The CPU comeback: agentic workloads pull CPUs (and networking) back into the frame
The most underpriced second order effect in the “AI factories” narrative may be CPU demand inside the stack, we have already made a dedicated article on this but since then NVIDIA and Meta just made this explicit with a multiyear deal that includes not only GPUs (Blackwell/Rubin) but also NVIDIA Grace and future Vera CPUs, with Grace positioned for broader data processing tasks and AI‑agent style workloads.
If CPU cycles become the limiter for certain inference/agentic pipelines (data prep, retrieval, orchestration, safety layers), it strengthens the case for tunable CPU:GPU ratios over time i.e., potential CPU disaggregation rather than permanently “fixed” GPU‑centric rack designs.
The actual “so what” (for builders and investors)
If you’re building neocloud / AI campuses
The risk is not “running out of copper wire.”
The risk is getting stuck in the queue for copper-heavy power hardware and grid interconnect approvals
If you do not secure your transformers and switchgear early, your GPUs will simply depreciate in a dark warehouse. Power access is the actual product you are building.
If you’re modeling copper demand
Delete the "200 tons per gigawatt" facility assumption from your spreadsheet immediately. It is a fundamental misread of a busbar subsystem. Your baseline must start at 30 to 40 tons of copper per megawatt of IT capacity for the inside-the-fence build.

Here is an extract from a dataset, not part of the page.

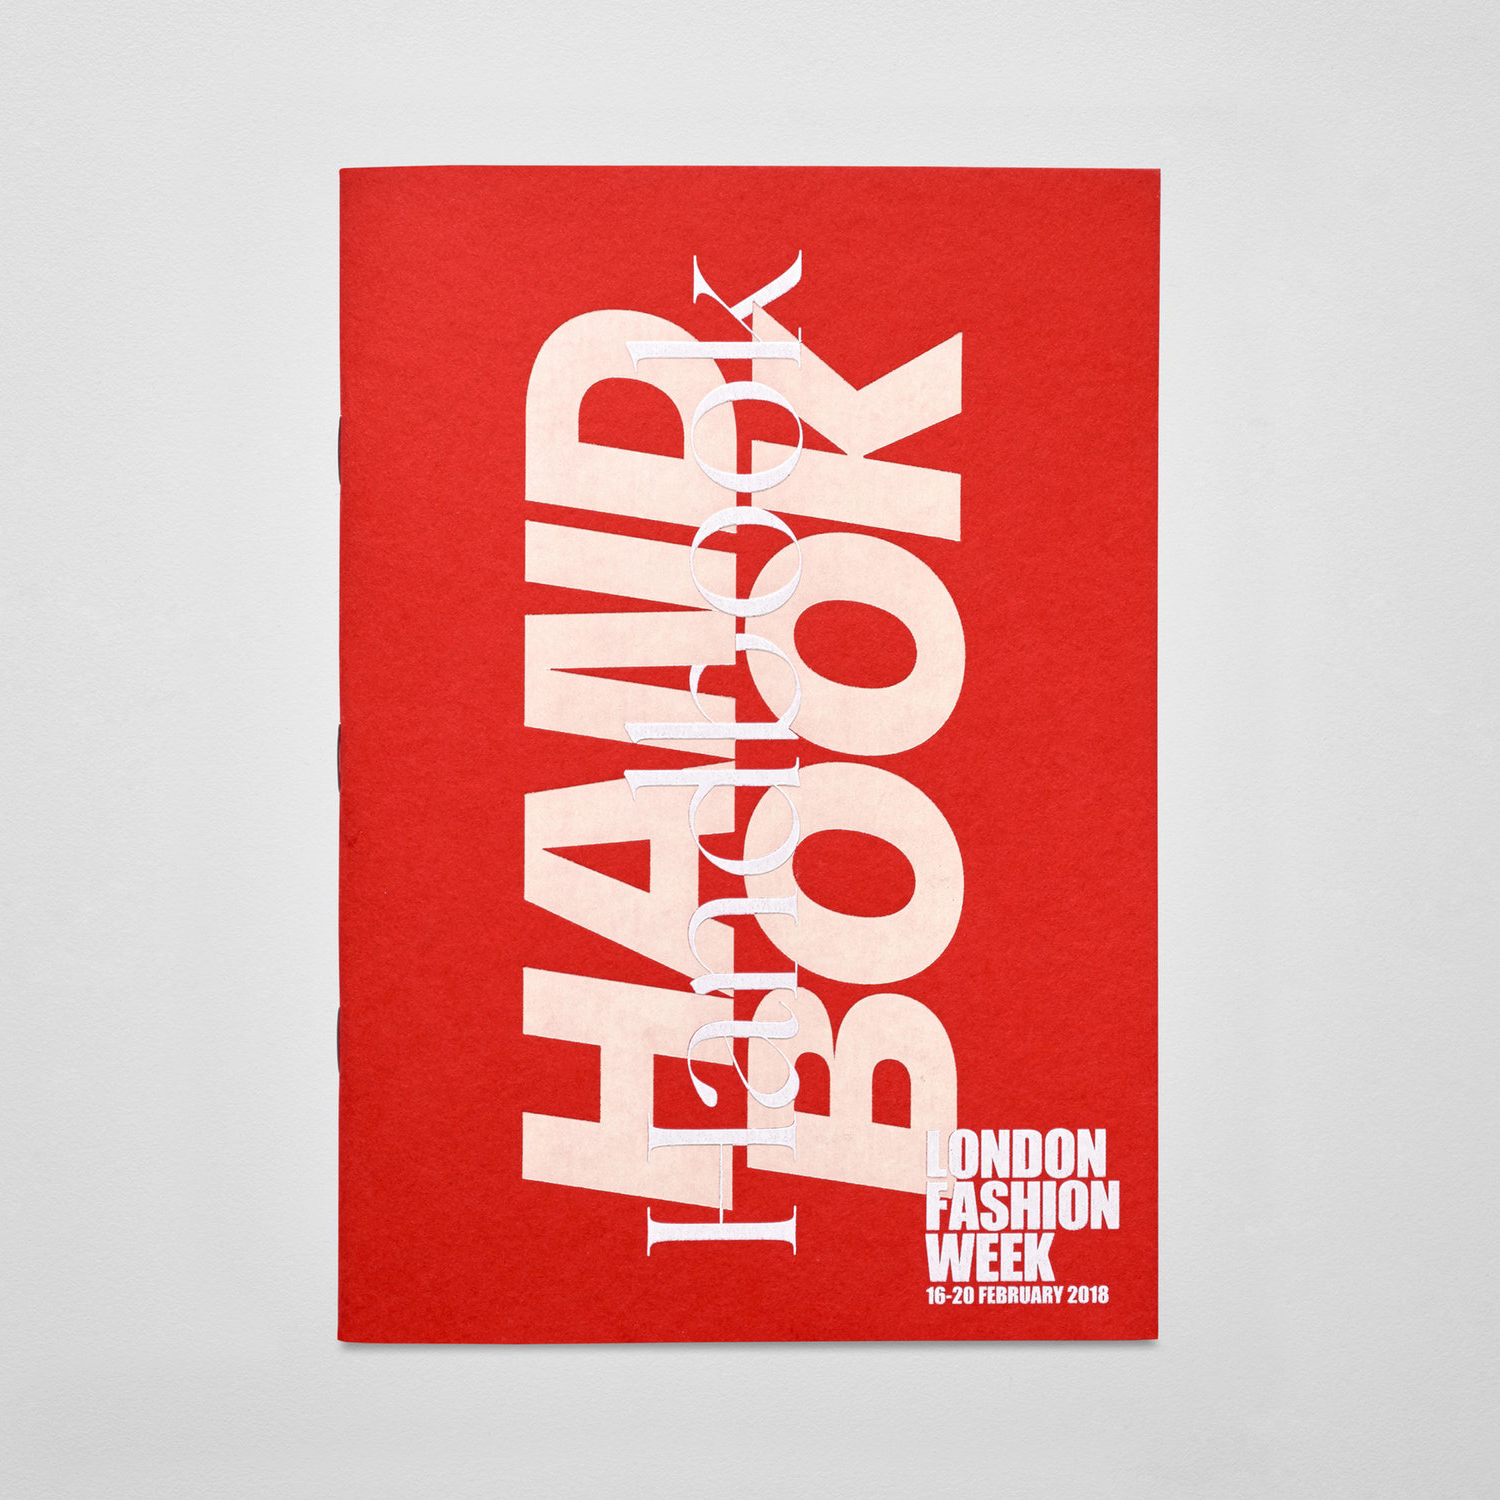 Graphic identity and handbook for London Fashion Week by Pentagram

If you assume aggressive fiber substitution, shave four to five tons off that number. Then, aggressively model the outside-the-fence allocation. The grid and power generation infrastructure required to support these sites acts as a massive, parallel copper multiplier.
If you’re modeling optics demand
Stop worrying about copper substitution. Optics demand does not grow because copper dies. Optics demand explodes because the sheer volume of physical links multiplies exponentially alongside GPU cluster sizes, spine-leaf network complexity, and the relentless upgrade cadence from 800G to 1.6T and beyond.